After categorizing the pathogenicity of 56 different variants in schwannomatosis patients, one variant classified as likely benign and four variants classified as variants of uncertain significance (VUS) were removed from the cohort of LZTR1‐LoF variant positive patients, leaving 64 of 71 (49 of 56 different variants), which were included in the comparison with LZTR1 LoF variants reported in the general population. The gene location of each variant that was classified as pathogenic or likely pathogenic is shown in Figure 1.
3.2. Comparing LZTR1 LoF variants versus SMARCB1 LoF variants in the general population
There were 177 different LZTR1 LoF variants (excluding 10 dubious variants and 1 benign/likely benign variant) in the non‐cancer gnomAD cohort, which occurred in 396 alleles in total. The average number of individuals screened for these variants, representing the general population, was 111,103. Therefore, the frequency of LoF LZTR1 variants in gnomAD was evaluated to be 396 from a mean of 111,103 individuals (1 in 281) including nonsense, frameshift variants, or variants located at positions ±1 or 2 (GT‐AG) of canonical splice‐sites. By contrast, SMARCB1 only reported three LoF variants in the non‐cancer gnomAD cohort (Ensembl canonical transcript ENST00000263121.7, Accessed February 3, 2022), which means that there were 3 from a mean of 118,374 individuals (1 in 39,458) with an LoF variant. The frequency of LoF LZTR1 variants in the general population (0.36%) was extremely significantly higher than the frequency of LoF SMARCB1 variants in the general population (0.0025%) (p < 0.0001).

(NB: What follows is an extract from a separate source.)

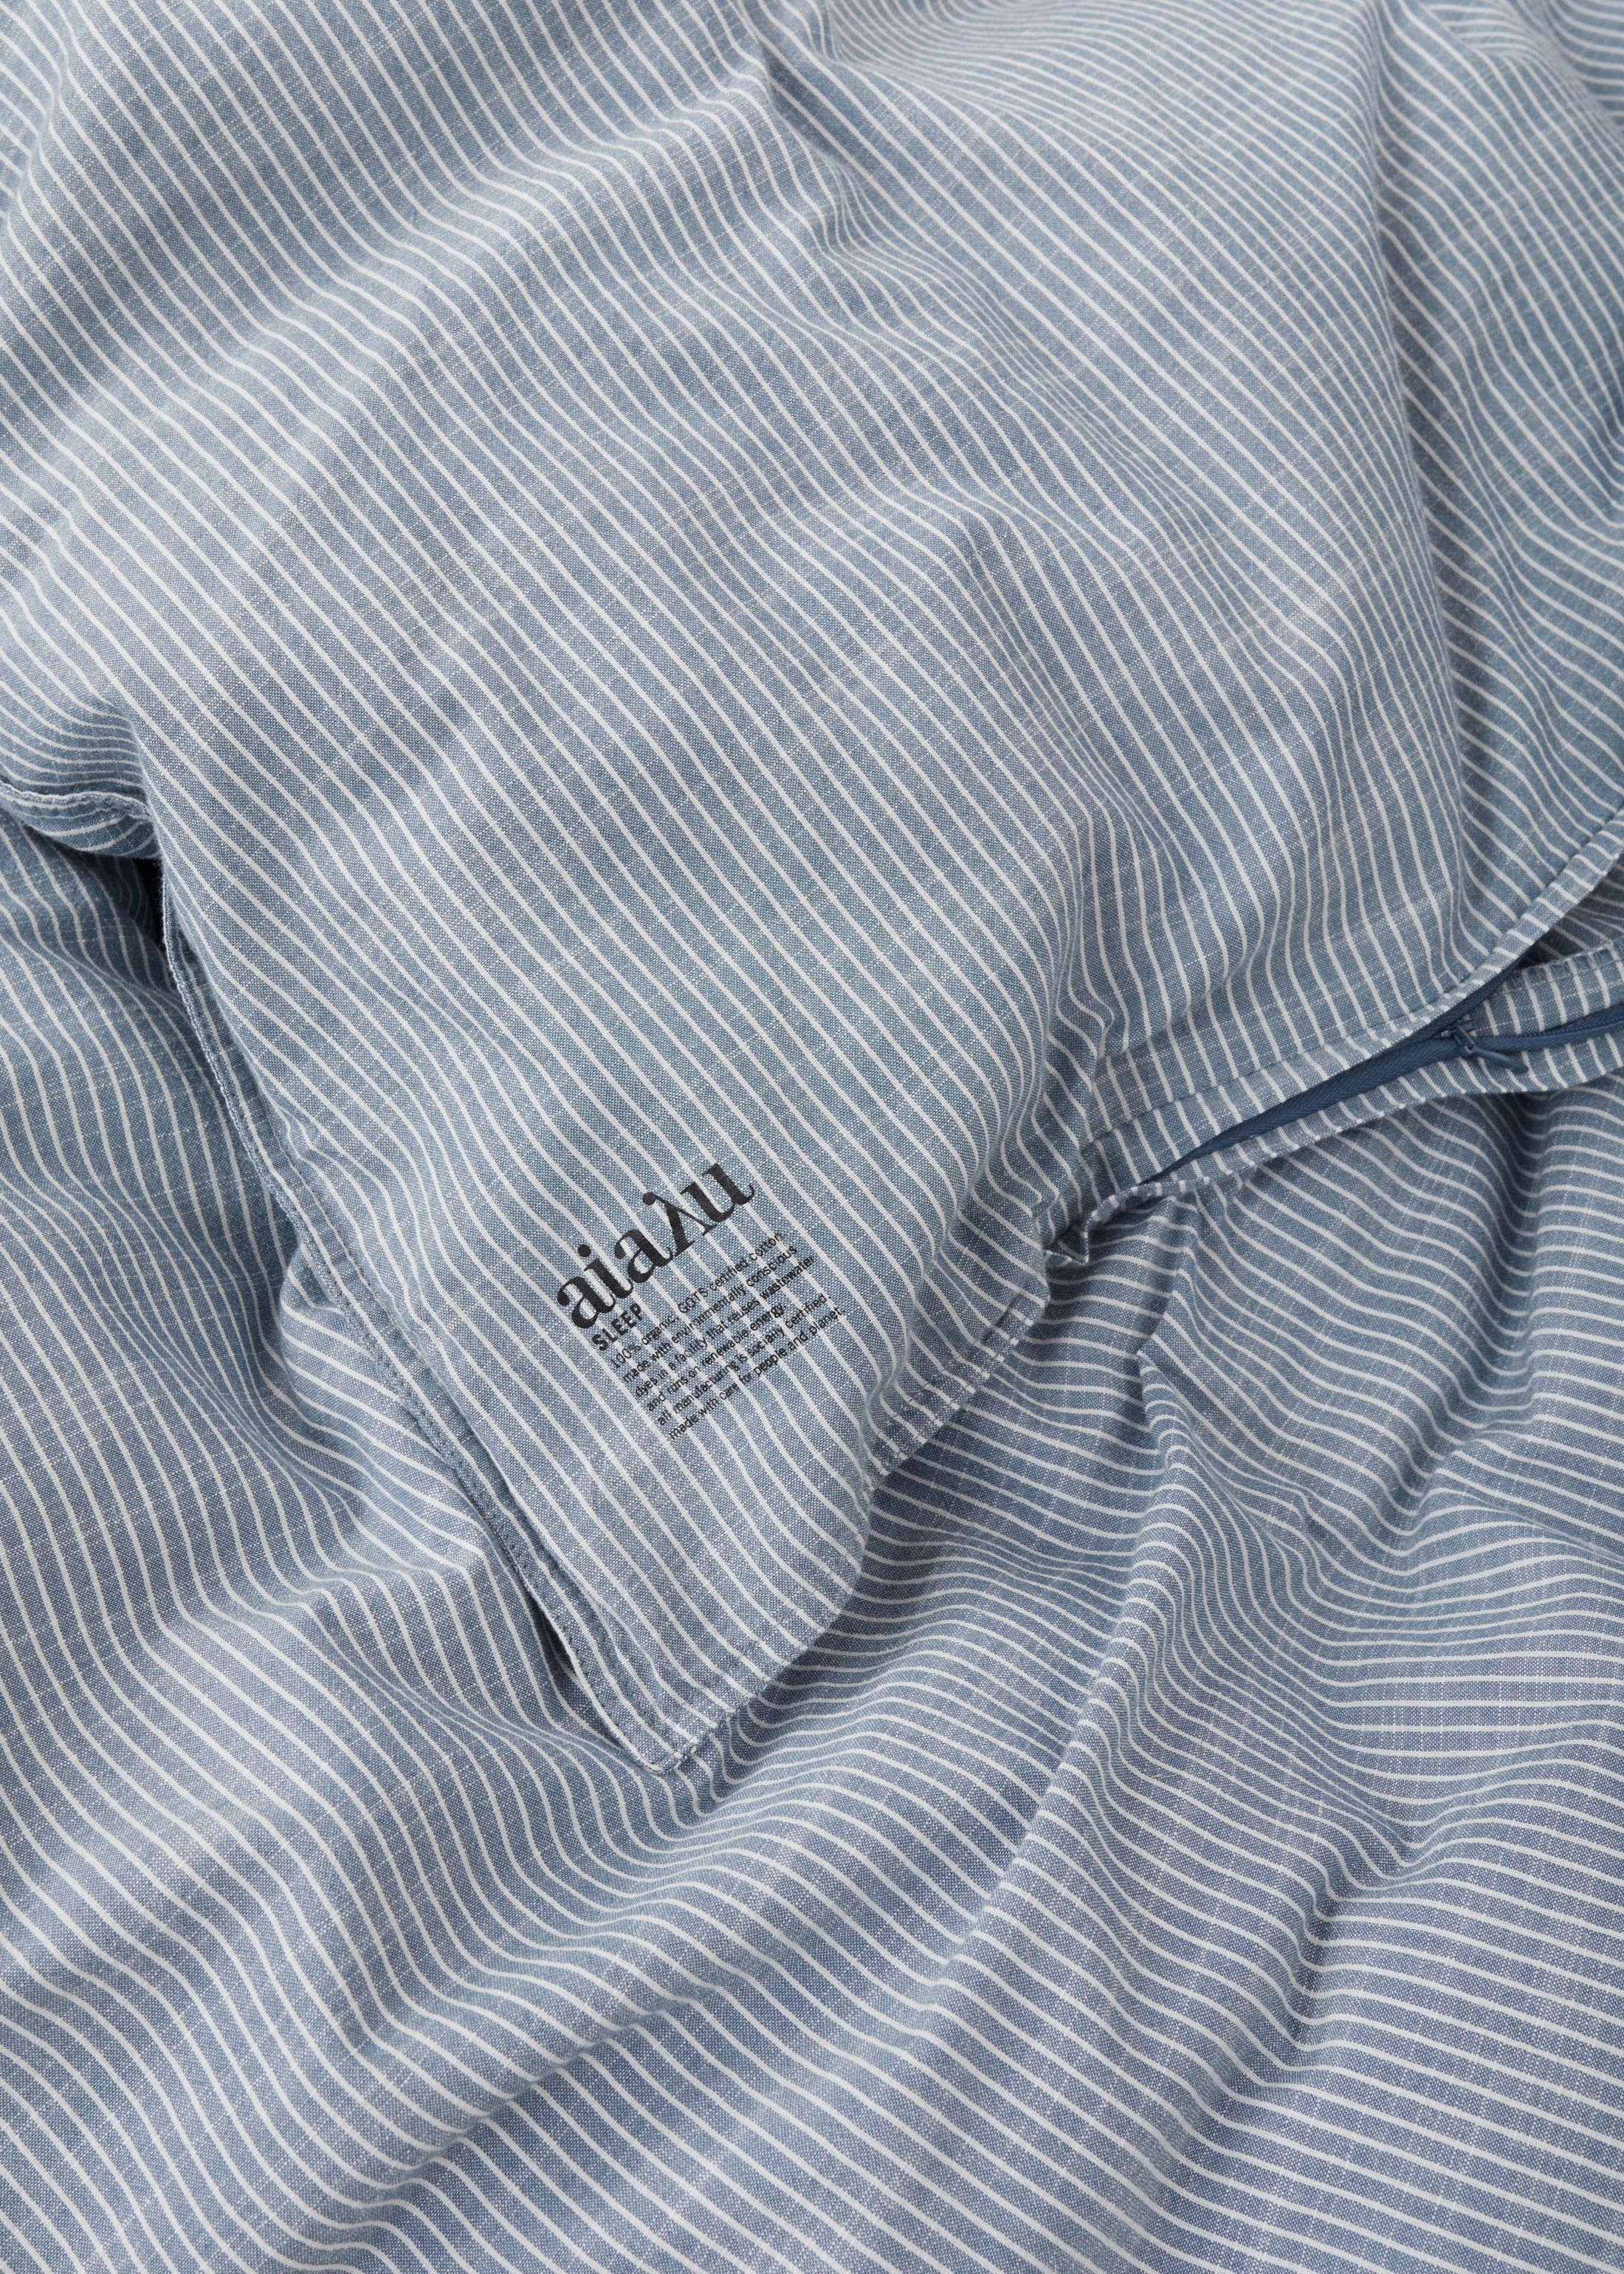 Duvet set & pillow case - striped indigo | Indigo
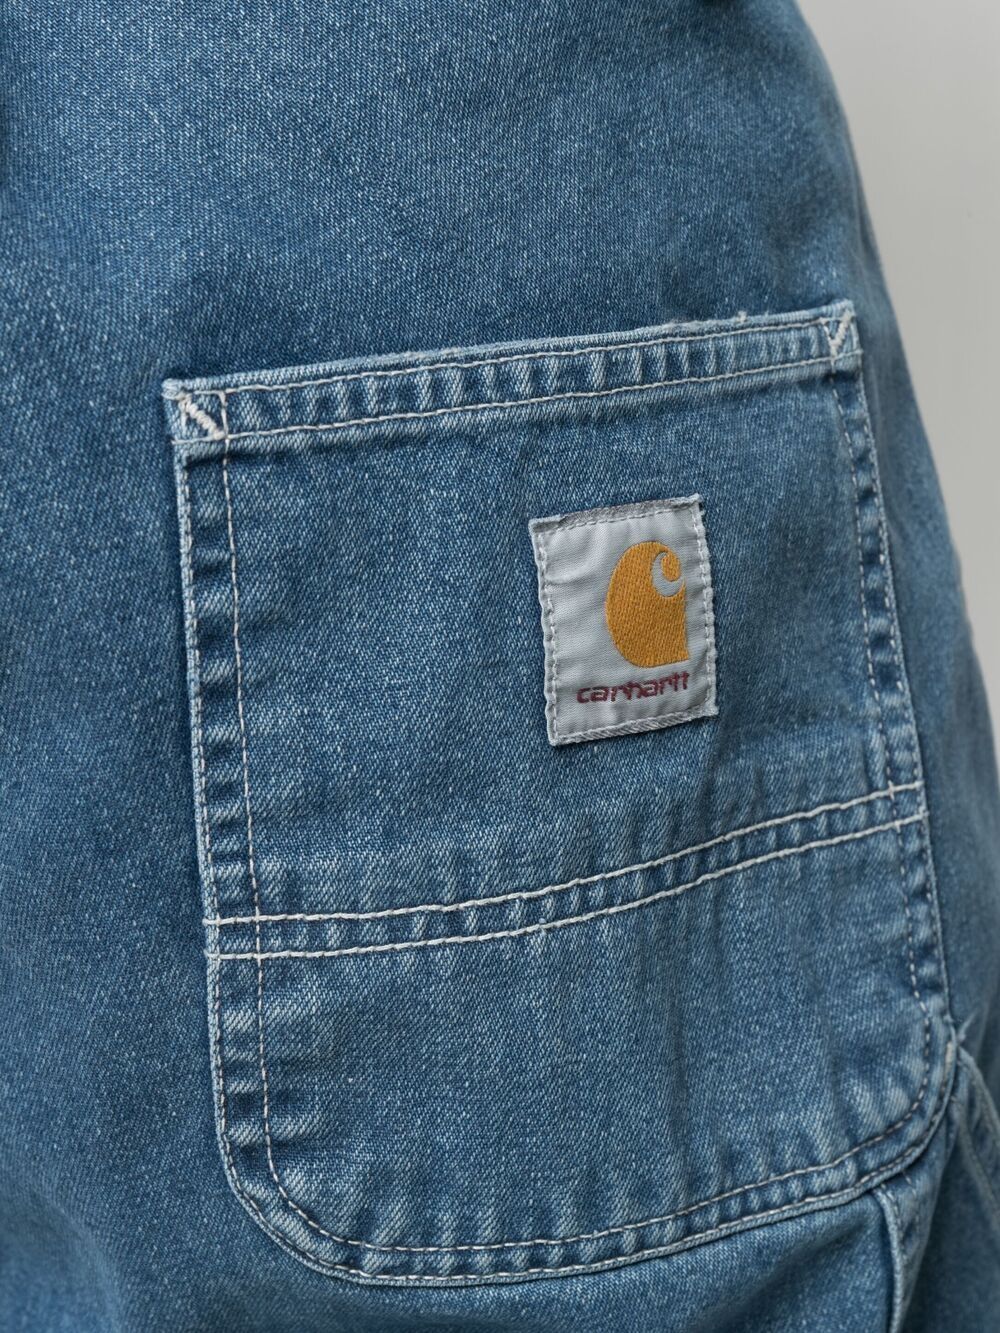 фото Carhartt wip джинсы свободного кроя

The 396 potential disease‐causing LoF LZTR1 variants identified in 111,103 individuals in the non‐cancer gnomAD population were compared to the 64 LoF LZTR1 variants identified in 359 probands (17.8%) that were predicted to be pathogenic in the schwannomatosis cohort. These proportions of LoF variants in the disease cohort and the control cohort were extremely statistically significantly different (p < 0.0001). The 64 variants in patients include 21 nonsense variants (32.8%), 32 frameshift variants (50%) and 11 splice‐site variants (17.2%), while the 396 variants in the general population include 165 nonsense variants (41.7%), 120 frameshift variants (30.3%), and 111 splice‐site variants (28.0%). Subsequently, the frequencies of the three different types of variants were compared separately between the schwannomatosis population and the general population (Table 2) and the proportions were also extremely significantly different.
Table 2.
Variant types | Reported in patients | Reported in controls | Odds ratioa |
---|---|---|---|
Nonsense variants | 21/359 (5.8%) | 165/111,103b (0.15%) | 41.8 |
Frameshift variants | 32/359 (8.9%) | 120/111,103b (0.11%) | 90.5 |
Splice‐site variants | 11/359 (3.1%) | 111/111,103b (0.10%) | 31.6 |
Note: All p < 0.0001.
Odds ratios were calculated using ad/bc, where a = cases with an LZTR1 loss‐of‐function (LoF) variant, b = cases without an LZTR1 LoF variant, c = controls with an LZTR1 LoF variant, and d = controls without an LZTR1 LoF variant.
Average number of individuals tested.
Since the use of highly selected cohorts in the published literature before LZTR1 screening, for example, by known 22q involvement in tumors and/or exclusion of SMARCB1 positive cases may produce an inaccurate denominator, we calculated the proportion of LZTR1 LoF variants in our own current total of 359 isolated (nonfamilial) cases tested in Manchester, not selected for 22q involvement and which include patients who tested positive for a SMARCB1 pathogenic variant. In this cohort, there were 61 people with an LoF LZTR1 variant (17%), which is very similar to the proportion of LZTR1 LoF positive people in the combined literature used in the current study.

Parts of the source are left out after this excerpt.